Greater wealth in the 15th century, coupled with moral doubt, led to the renaissance of classical humanistic learning. The great spiritual schools of philosophy started by Socrates were denigrated in favor of the ancient worldly philosophers, who either grasped for power or who were merely coping under powerlessness. The leadership of the Church became highly secularized and corrupt, while the people remained faithful: this led to the Reformation. We must note however, that Luther was a Nominalist, and this is reflected in the wildly chaotic character of Protestantism today. The same tendency is seen in progressive Catholicism also.

Humanism as practiced after the Renaissance became divorced from religion; in fact today we hear of people calling themselves "spiritual, but not religious". Depending ever less on the Faith, these new humanists instead moved towards an abstract deism. However, we musn't assume—that because of the divorce between faith and reason—that these humanistic doubters left religion alone, but instead some intended to subvert and transform religion as they desired. Instead of letting religion influence life and philosophy, these new men changed religion according to their philosophy, using religion as just one more method of amoral social control.

The philosopher Hegel revolutionized Europe in the 19th century. He has a model of the progress of history, where competing worldviews eventually join to create a greater system, which in turn is opposed by a new worldview. This is called the dialectic of Thesis, Antithesis, and Synthesis. The New Theology comes from this intellectual framework. Where we should be concerned is that this philosophy is the intellectual basis for the greatest amount of the shedding of blood in the history of the world: right-wing Hegelianism led to the Nazis, and left-wing Hegelianism led to Communism. Nevertheless, Hegel was an optimist, always seeing things getting better and better.

The Historical-Critical method of Bible exegesis is based on Hegel. This method proposes that there was a Thesis (Jewish thought as actually taught by Jesus, and not what is written in the Bible), that opposed Greek thought as taught by Paul (the Antithesis), and they joined together to form a Synthesis, which is John's community of followers. This is in contrast to the Catholic interpretation of the Gospels, which proposes a continuity from Old Testament times to the present, and a constant effort to keep God's People united.
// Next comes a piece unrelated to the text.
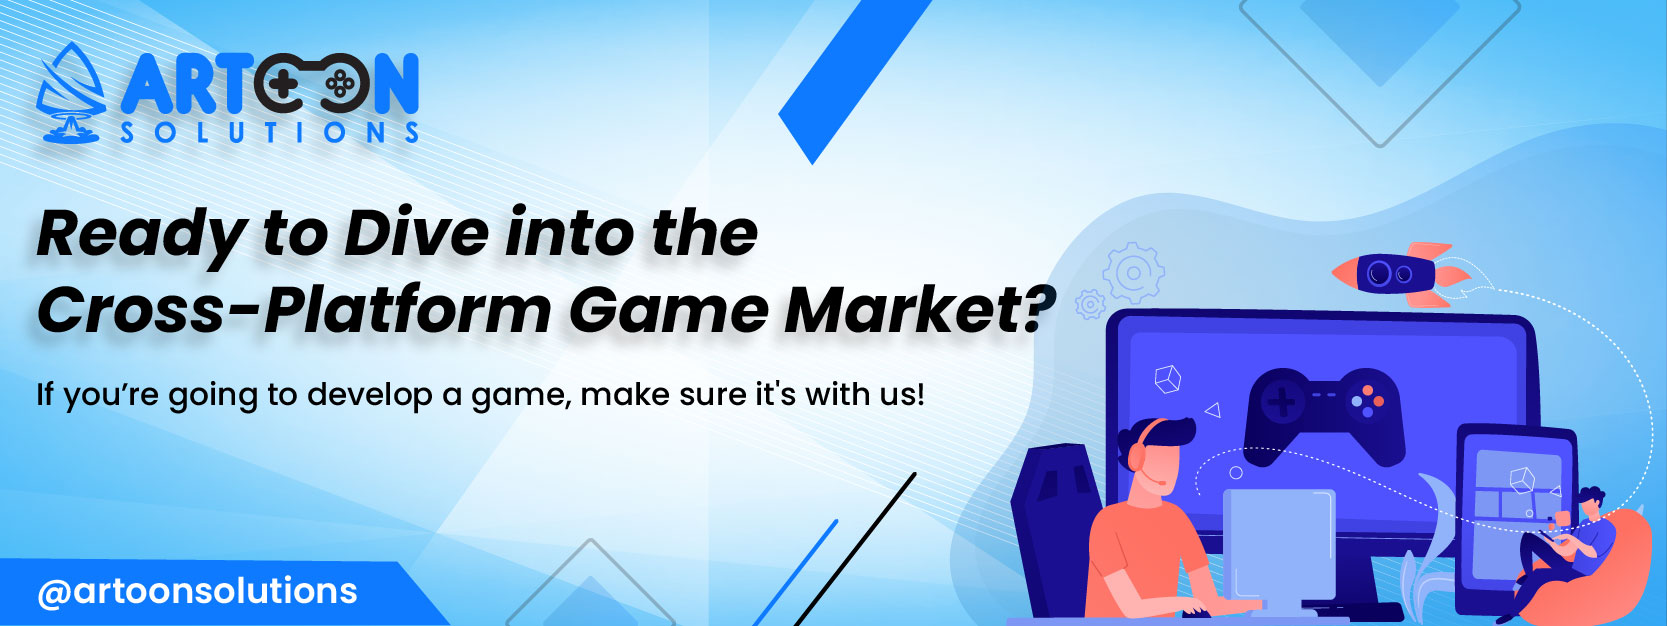 Cross Platform Game Market
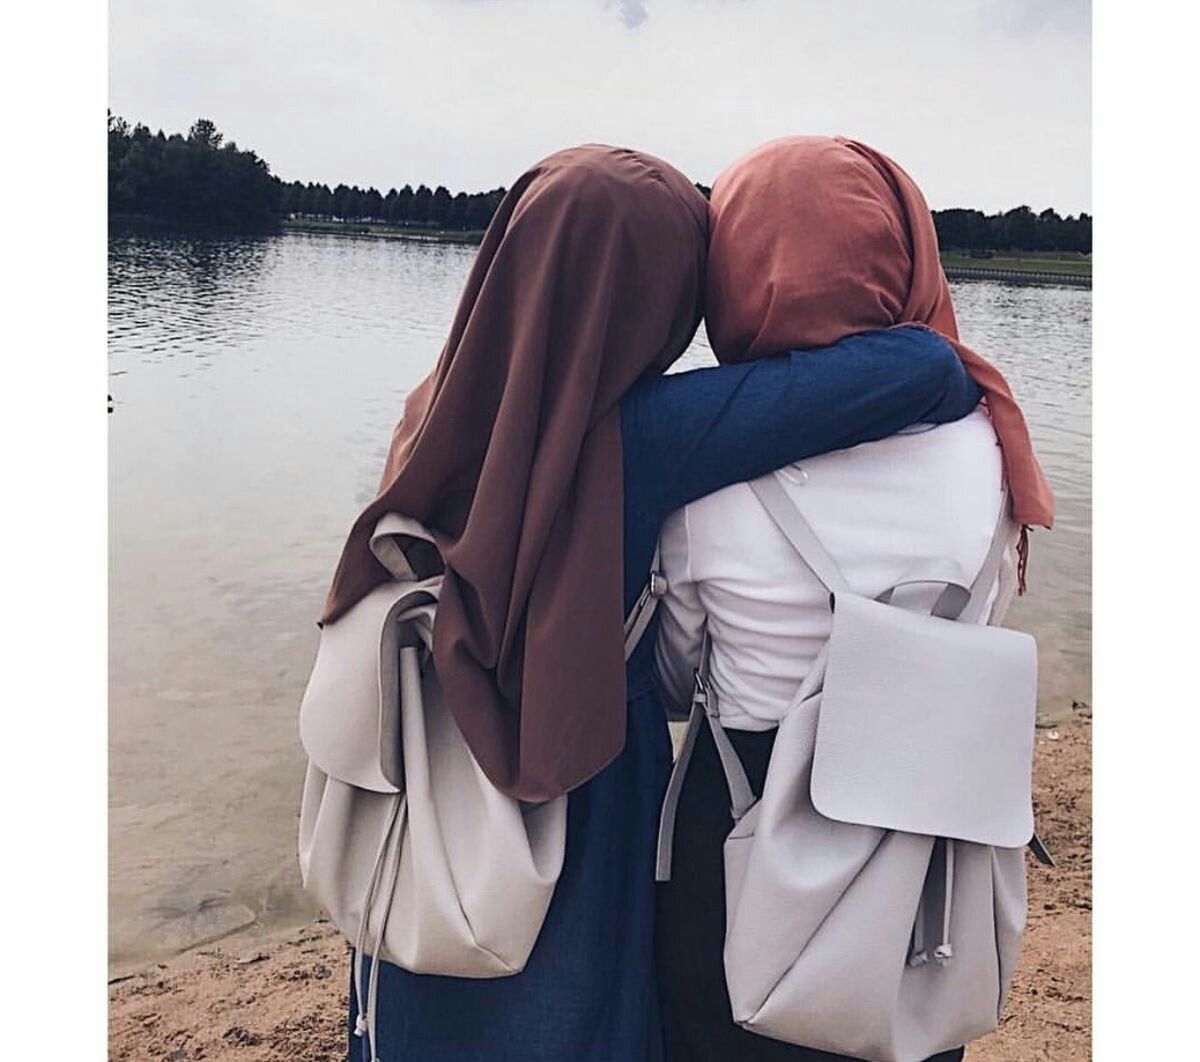 Hijab girls kissing and nude

Ultimately, this doubt thrown on Scripture led to the idea that only individual personal experience can lead to theological insight, that there is nothing specifically revelatory about Christianity or Judaism. So they stripped Christianity of Greek philosophy, the remnants of Catholicism, and even Christ Himself. God was seen as both being unknowable and yet immanent, and individual revelation is equal in authority to the Bible and Tradition. It was an optimistic religion with a belief in an inevitable progress of history. This was the state of Liberal Christianity in Germany before the rise of the Nazis: faith was lost, yet the people had great self-esteem. They assumed that people were good and progress inevitable. Christianity had been turned into a New Age pantheism, and this led quite naturally to the mystical New Age pantheism of the Nazis. Modern historians tend to ignore this pseudo-religious aspect of Nazism and see Hitler as an unexplainable aberration, with the equally atrocious Communists being seen as the only viable alternative to Fascism. However, these same errors had nearly taken over the Catholic Church since the 1960s. We need to reflect on our own pantheistic New Age culture, and where it might lead.
I charge thee, before God and Jesus Christ, who shall judge the living and the dead, by his coming and his kingdom:
Preach the word: be instant in season, out of season: reprove, entreat, rebuke in all patience and doctrine.
For there shall be a time when they will not endure sound doctrine but, according to their own desires, they will heap to themselves teachers having itching ears:
And will indeed turn away their hearing from the truth, but will be turned unto fables.
But be thou vigilant, labour in all things, do the work of an evangelist, fulfil thy ministry. Be sober.